Some of my best shots I could even take 2 minutes after entering the museum halls, the longest wait in the last years was 9 minutes (I don’t
count that like in competitive sports but I see the time on the data when back home, I might look at that once a year :), I'm no hurry in any way but after 3100 photographs in 10 years of my main museum series (People
matching artworks) you get some routine. The first years of course were
different, but learning even through painful failures (too slow, blurry,
missed, wrong accidental ISO so fine art print is not possible which is like
non existent, memory card breaks,....) is great.

 Are there any circumstance where you couldn't find the match you had in mind? A work you're still waiting to immortalize?
Yes of course, with some results I’m happy now but f.e. some never
workout as I wish: Henri Rousseau in the Musée d’Orsay is an example,
but it’s mostly the regular position where it’s hanging that makes it so hard. 
Given the moment, the one in front of the Madonna by Antonello da
Messina in Palermo, it’s OK as he really was 1 of 5 visitors in total that afternoon in the museum (Covid time) so in reality I’m lucky to have at
least that shoot.  I love the painting so much I certainly want to creatively work
with it, I want to interact with it, to be connected with it, I often travel for one painting alone.
How did the idea for this series come about?
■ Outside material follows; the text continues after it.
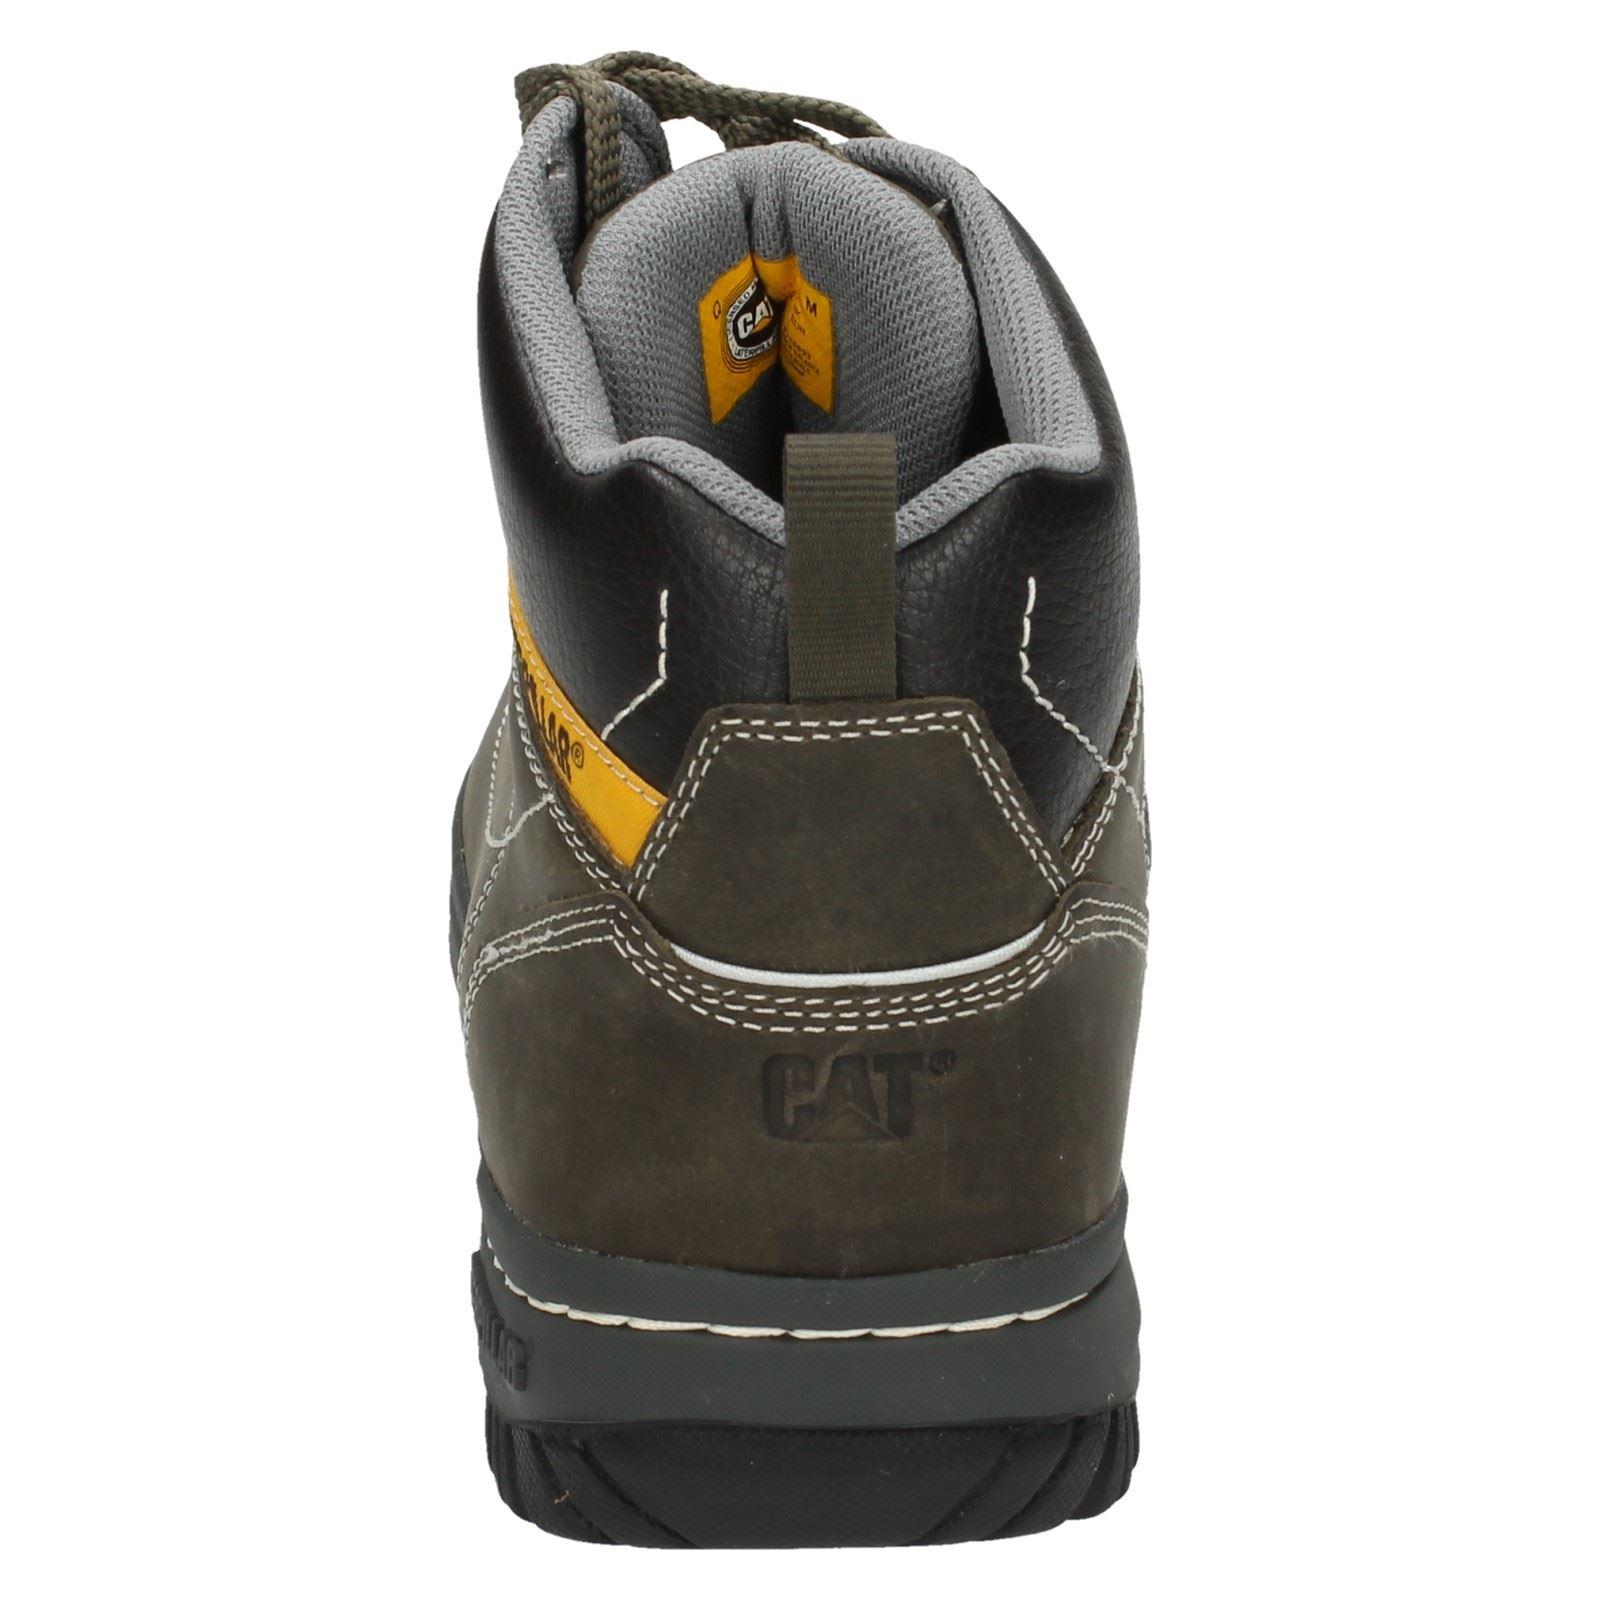 Apa Boots Hi Ankle Cat Mens Argile brown P716893 Casual Muddy UXqfF1R

Was it a coincidence?
Yes, but I just opened my eyes in the museum, I had a love for museums
before, of photography history as well so I knew of course Alecio de Andrade f.e. (and adored as I have an art history heaven of stars)...so when you have something you like and see something similar yourself
with your own eyes the first time, for me, it was a priest in a museum,


Are the compositions in museums completely random or do you compose the scene once you have identified the subject and situation?
Both happen but the first is pure creative pleasure, the second way is a bit
more of a standard work, kind of. :)
Once you have taken the shot, do you show it to the subject immortalized? If so, what reactions does it provoke?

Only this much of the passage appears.